Flag is a fairly nice college town with all that implies. It's about 1 1/2 hrs from GCNP. Sedona is more of a resort area. If you are relying on timeshares, Sedona is your best choice. For GCNP you can stay in Williams, or Tusayan, or full the full experience there is the famous, historical El Tovar hotel 20 feet from the S. rim of the canyon. You might compare it to your famous Canadian park hotels like Lake Louise or Banff. http://www.grandcanyonlodges.com/el-tovar-409.html

Jim


----------



## blueskys (Jan 11, 2012)

Wyndham Estates has some availability and that spot seems to get good reviews. I'll keep looking.

thanks,


----------



## talkamotta (Jan 11, 2012)

Both places have thier advantages depends on what you want to do/see.

Ive stayed at Wyndam Flagstaff both times and I like Flagstaff better.  I go to GC of course but I love the other National Parks that are closer to Flagastaff than Sedona.  Walnut Canyon is one of my favorites.  Flagstaff has good places to eat but we usually eat at the condo.  

We love the drive between Sedona and Flagstaff 89a.  We dont mind driving that a couple of times because we will visit Sedona at least once and we like Jerome.  
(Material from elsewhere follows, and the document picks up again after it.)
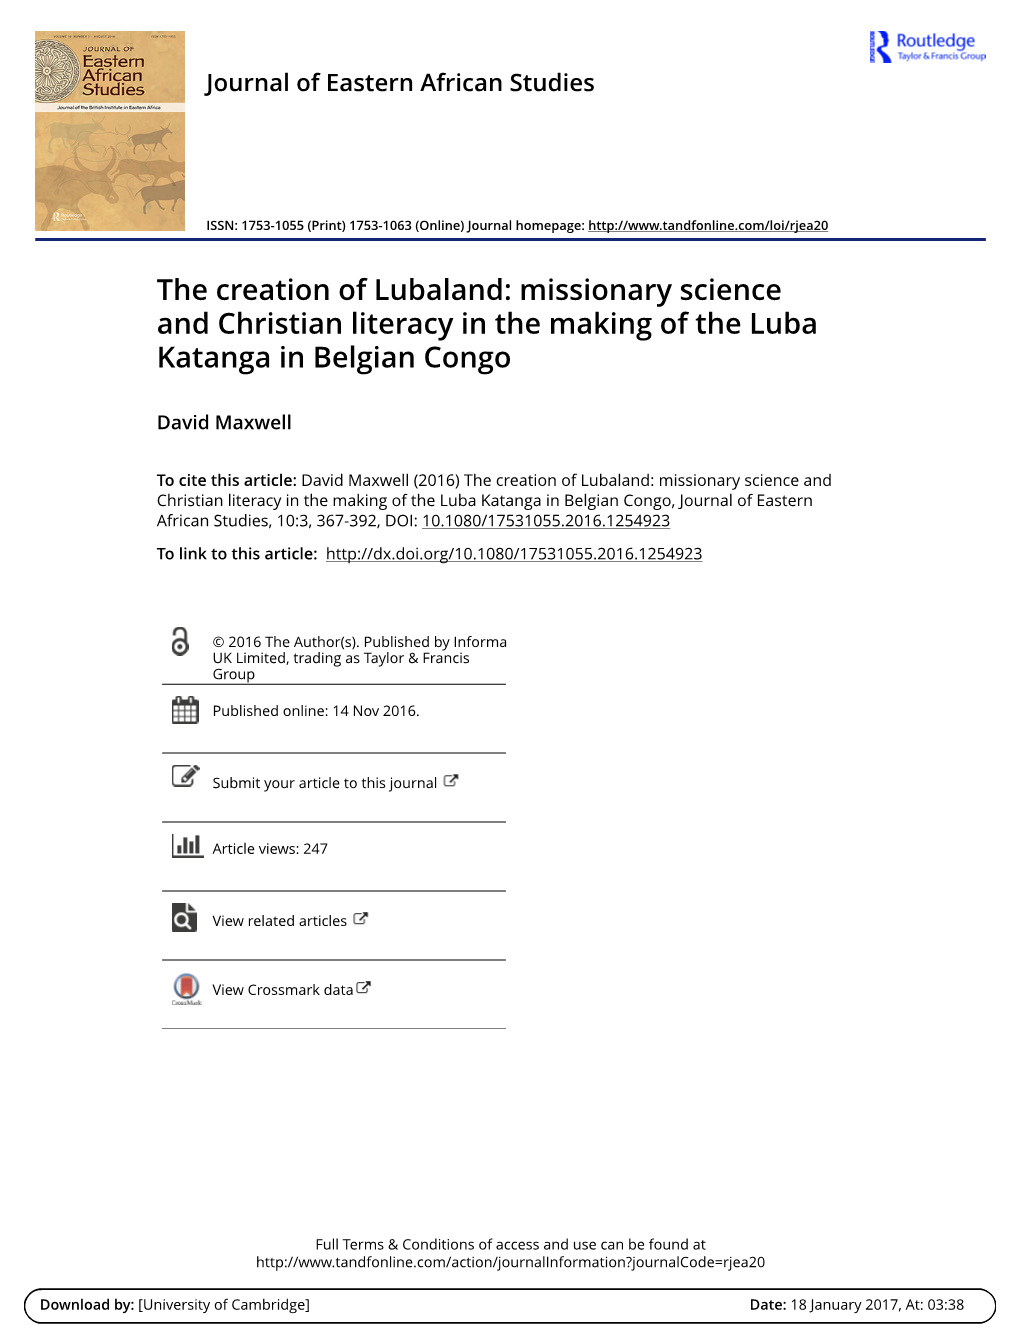 Missionary Science and Christian Literacy in the Making of the Luba Katanga in Belgian Congo

Sedona has more timeshares and many things to see right in the city but its   too touristy and  congested for me.


----------



## patty5ia (Jan 11, 2012)

Sedona had all that beautiful hiking.  Flagstaff can't compare.  You have to get out of downtown Sedona to get away from the tourists, but it is easy.  I all depends on what you want to do.  I much prefer Sedona to Flagstaff.


----------



## Margariet (Jan 12, 2012)

We stayed last year in Wyndham Flagstaff. Highly recommended! Lovely houses in a natural environment where the deer passed our balcony. The South Rim of Grand Canyon was very nearby, about one hour driving. And a good opportunity to have a taco in Cameron. We did many tours from Flagstaff: to Winslow, to the Petrified Forest, and to Page to see Antelope Canyon. It was all good driving and not that far. We also went to Sedona, which is very near. A few years ago we stayed in Sedona. The scenery is gorgeous but downtown Sedona is a bit touristic. Better stay a bit out of town.


----------



## ricoba (Jan 12, 2012)

We stayed at the Wyndham in Flagstaff and it was very nice, large and comfortable.  

It is closer to GCNP.  So if the park is your primary interest, I would choose Flagstaff.

Sedona is an easy drive from Flagstaff.  Take the longer drive through Oak Creek Canyon (I think that's the name), it's very pretty.


----------